■ PROBLEM REQUIREMENTS: The full listing, exactly as written and with no images, is the expected output.

■ SOURCE MATERIAL:

>>>>>

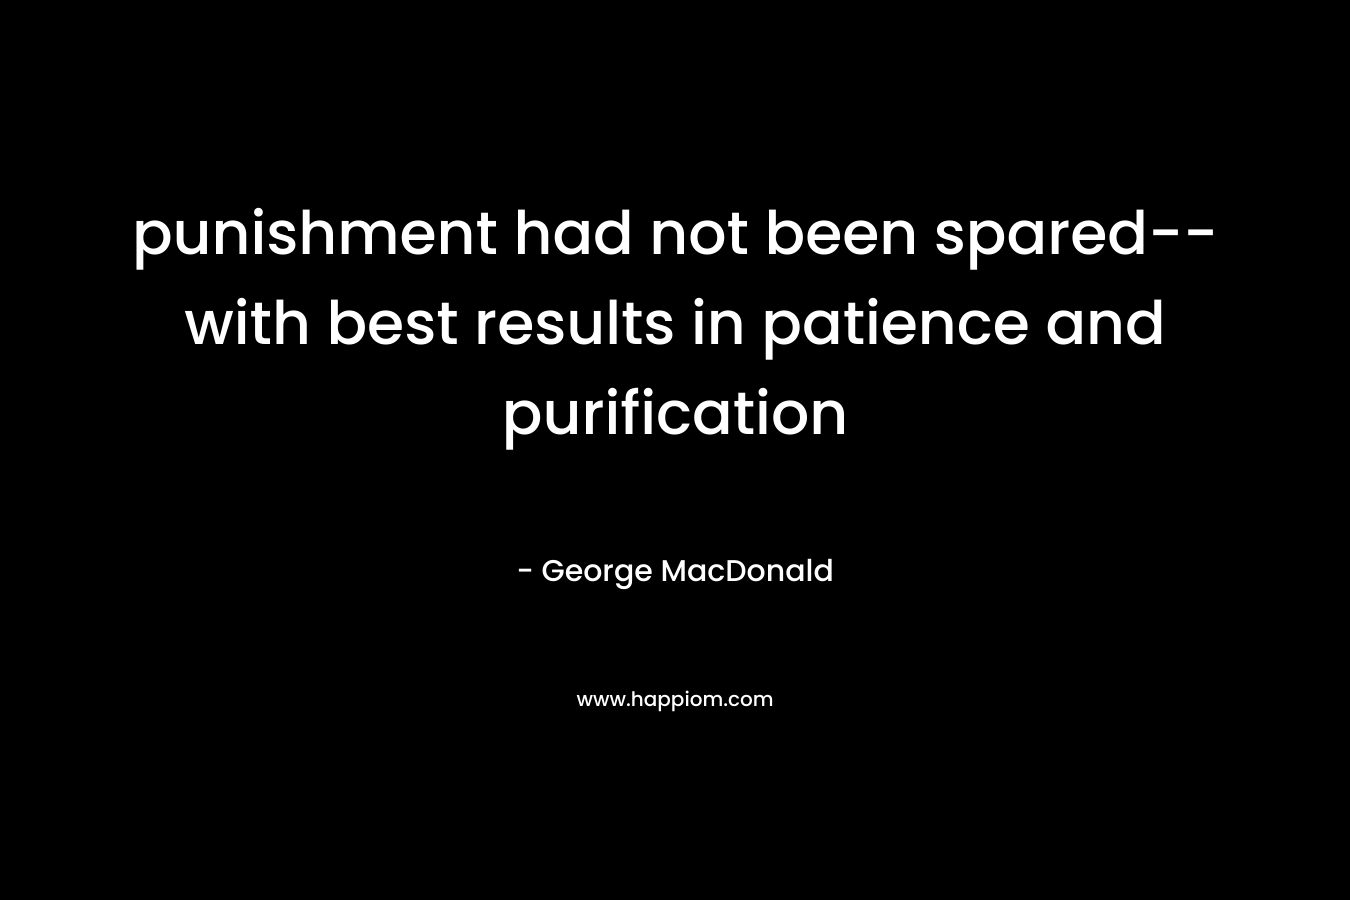 punishment had not been spared--with best results in patience and purification
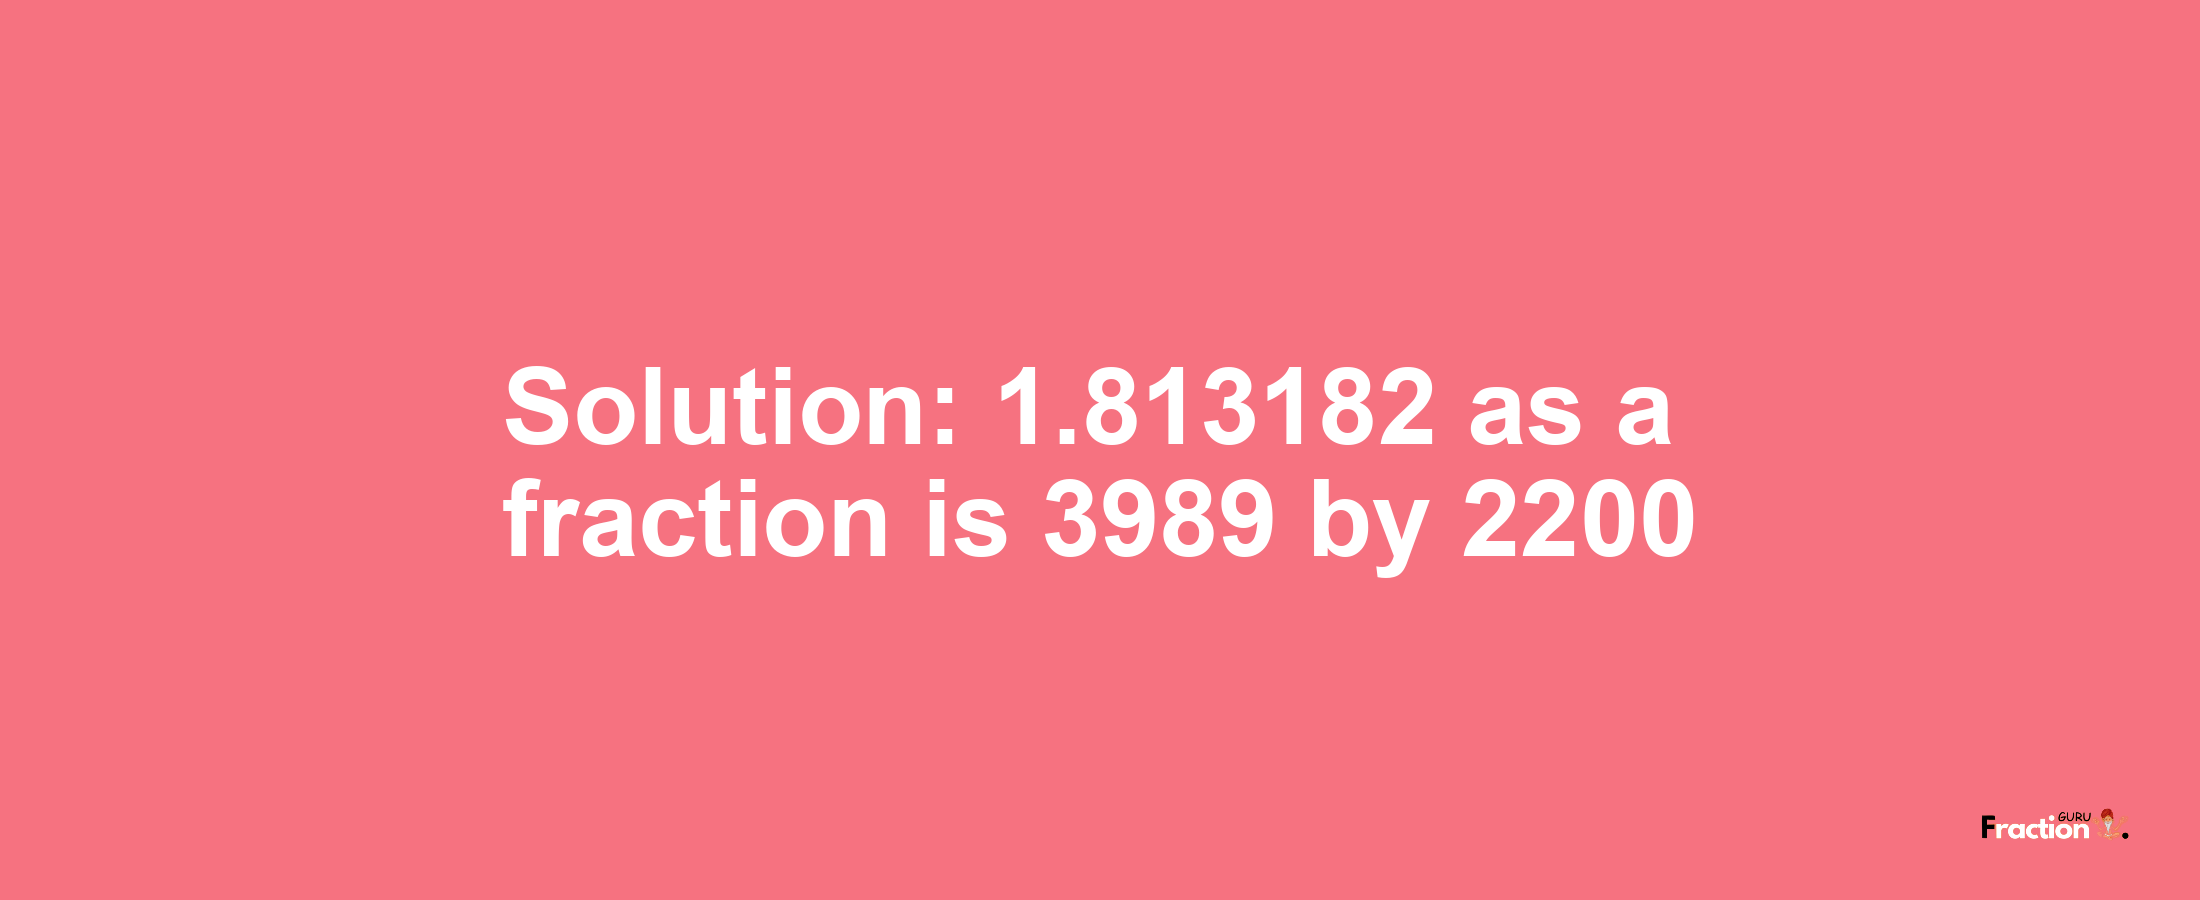 Solution:1.813182 as a fraction is 3989/2200
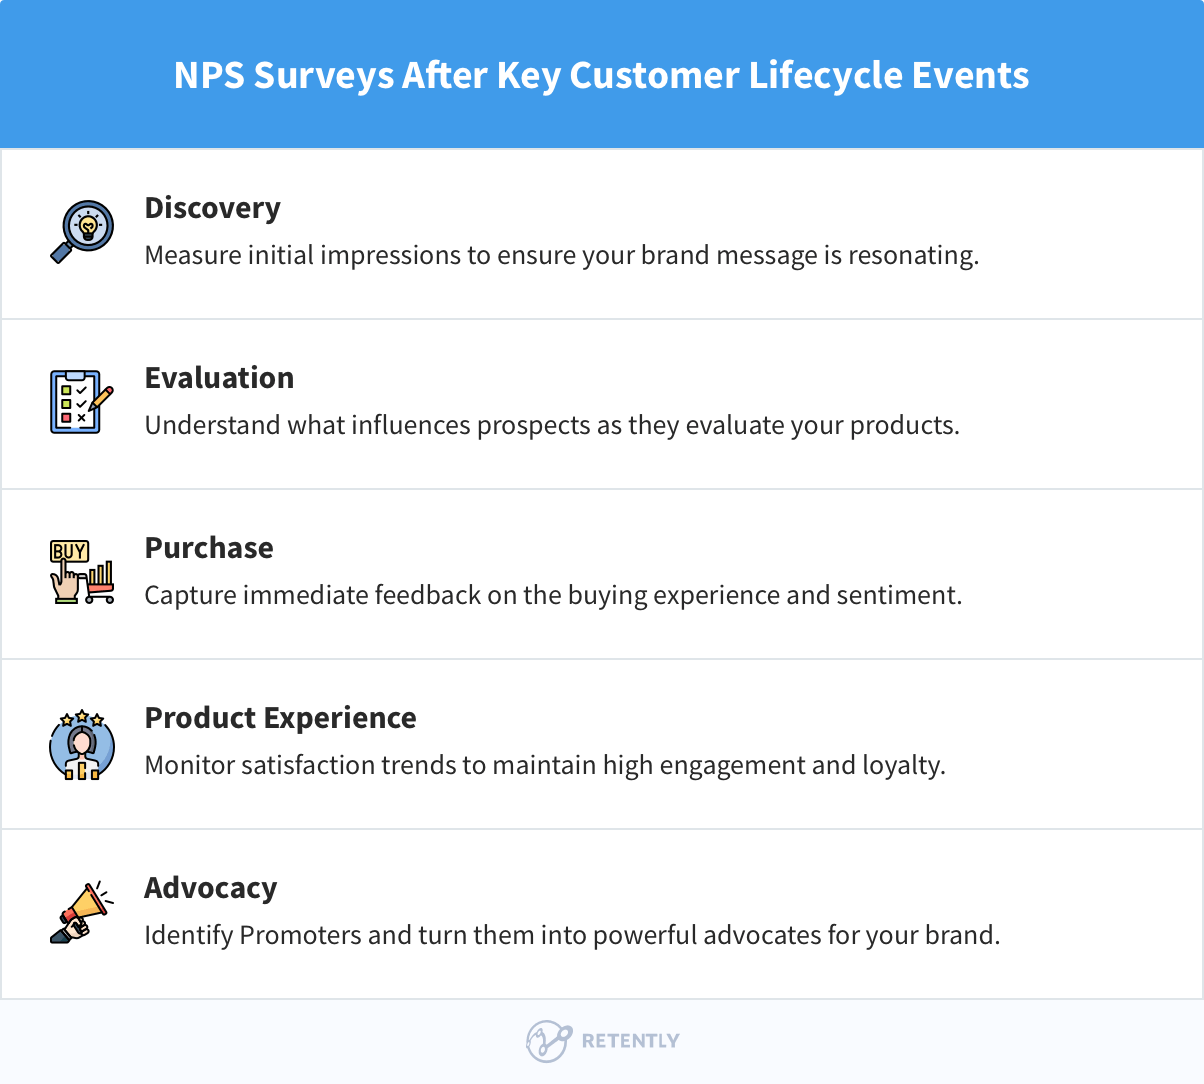 NPS Surveys After Key Customer Lifecycle Events

<<<<<

■ SOLUTION FOR THIS EXERCISE:
 punishment had not been spared--with best results in patience and purification
 Solution:1.813182 as a fraction is 3989/2200
 NPS Surveys After Key Customer Lifecycle Events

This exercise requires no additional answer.